In this update, We added new fields to the schema and moved the `full_name` to the very bottom of the schema so it's visually out of the way for people reading the .proto file. The `[deprecated=true]` annotation still allows the field to be used by subscribers, but it does add annotations in some languages like Java which show the deprecation status in e.g. IDE's and compilers.

So with this update, the Person Service would continue to send the `full_name` field, so that subscribers using it can continue using it without breakage. This is necessary as there's no way that subscribers could start using given/family name in the very instant full name goes away, so we recommend as much as possible that services continue to send deprecated fields as long as possible, at least 2-3 months would be best as long as technically feasible.

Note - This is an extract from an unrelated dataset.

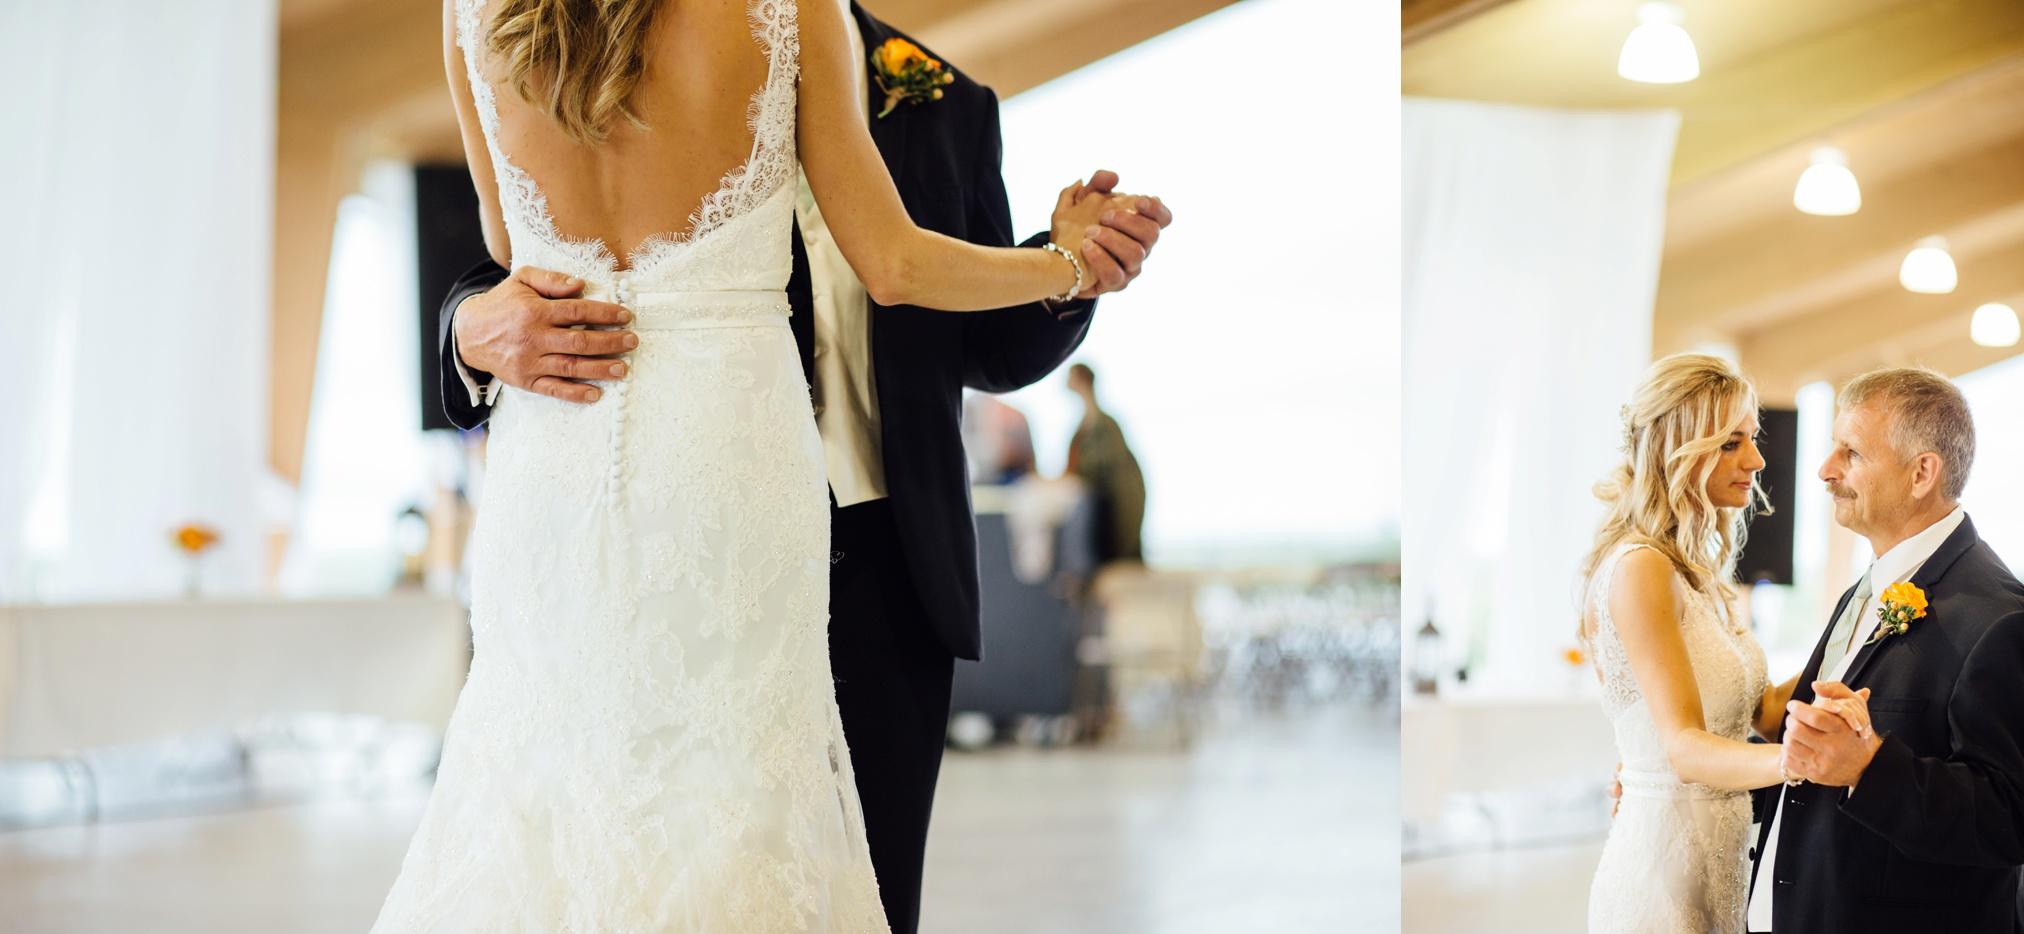 schmid_wedding-780.jpg

## Rev. 3b: finishing the deprecation {#r3b}

So it's October now, and we want to get rid of the `full_name` field that we deprecated. It looks something like this (comments elided again for brevity):

```protobuf
message PersonCreate {
  reserved 2;

  string id = 1;
  string timezone = 3;
  Address address = 4;
  string given_name = 5;
  string family_name = 6;
}
```

the addition of `reserved 2` is simply a way of encoding that we should [not use that field ID ever again](https://developers.google.com/protocol-buffers/docs/proto3#reserved). This ensures that we don't break people on older schemas if we started using it for a different field.

Now we can stop sending `full_name` following our deprecation plan.